(Items listed in a dataset)
####
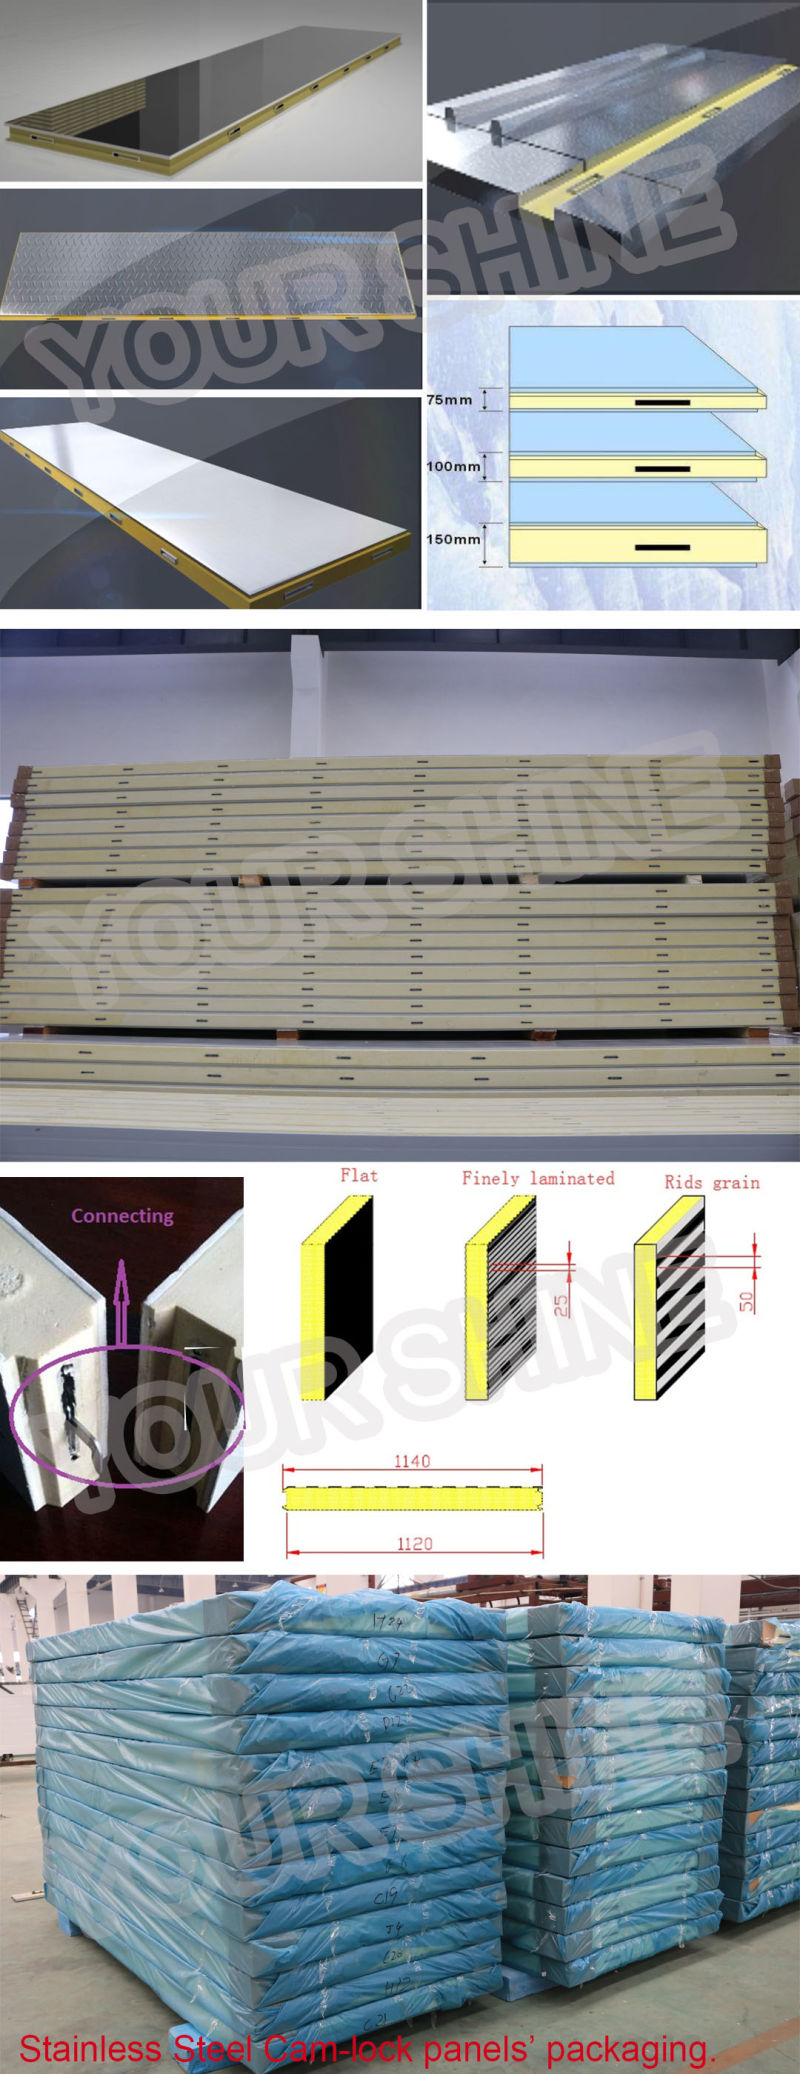 50mm Polyurethane Insulation Board/Rigid Polyurethane Foam Board Insulation/PU Sandwich Panel
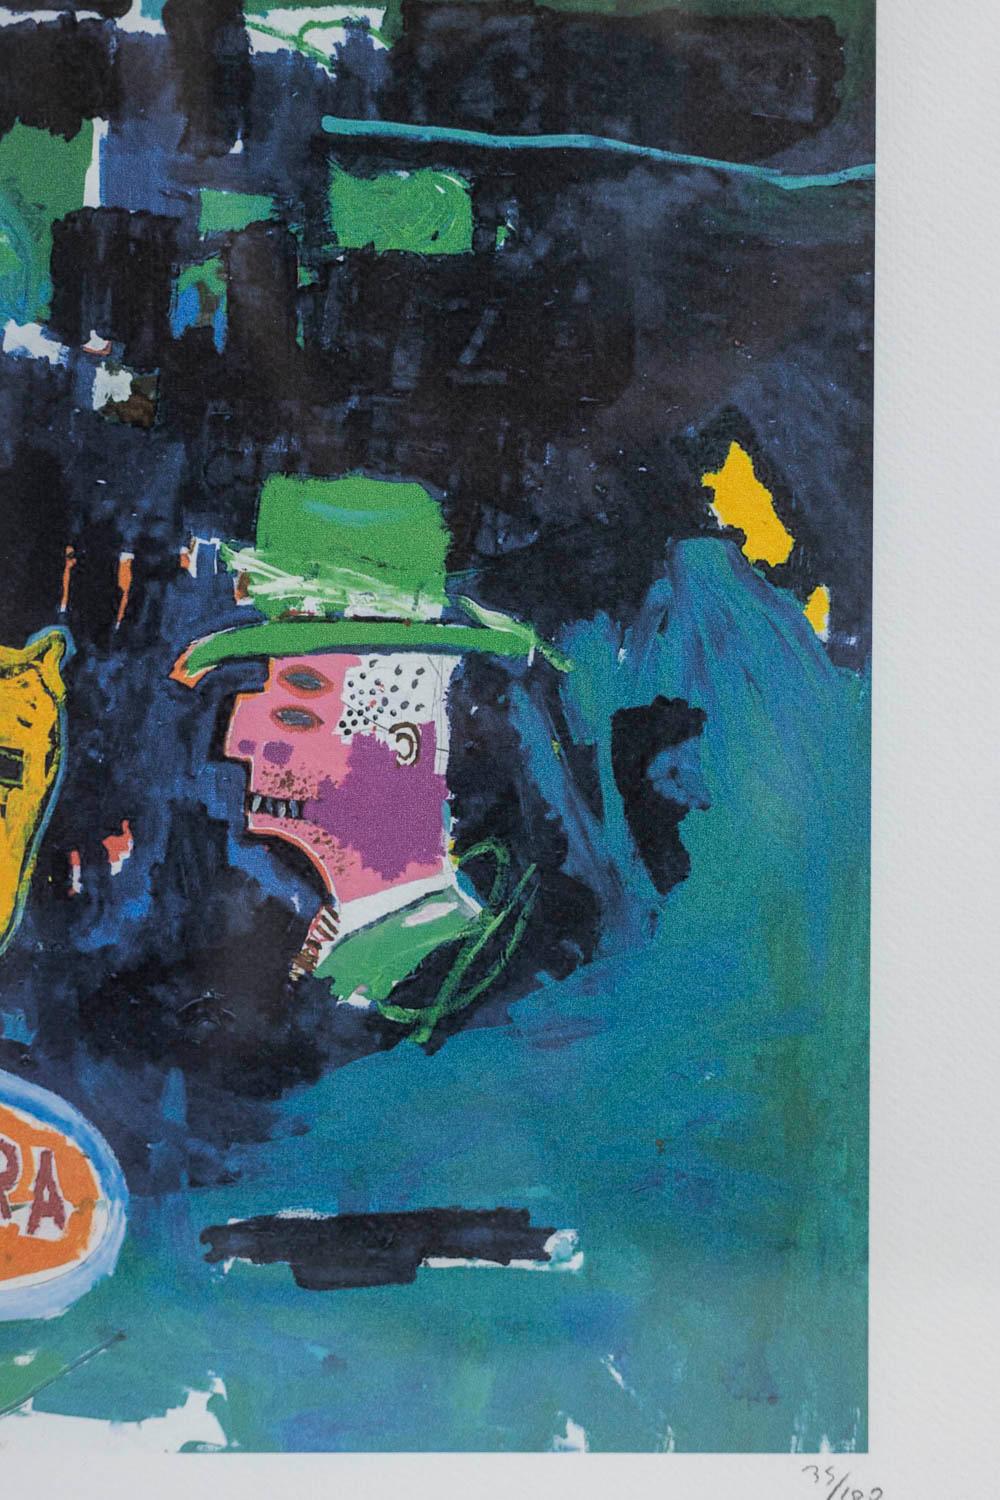 Jean-Michel Basquiat, signiert und nummeriert.

Abstrakter Siebdruck in Grün- und Blautönen in einem blonden Eichenrahmen.

Amerikanische Arbeiten aus den 1990er Jahren.

Nummeriert 75/100.

Abmessungen: H 50 x B 70 x T 2 cm

Referenz: LS5848D131A
####
**AIM OF THE EXERCISE**. Reproduce exactly and only the lines from the line that contains "Jean-Michel Basquiat, signiert" to the end of the data above, both ends included. No pictures go in the copy.

**THE ANSWER**.
 Jean-Michel Basquiat, signiert und nummeriert.

Abstrakter Siebdruck in Grün- und Blautönen in einem blonden Eichenrahmen.

Amerikanische Arbeiten aus den 1990er Jahren.

Nummeriert 75/100.

Abmessungen: H 50 x B 70 x T 2 cm

Referenz: LS5848D131A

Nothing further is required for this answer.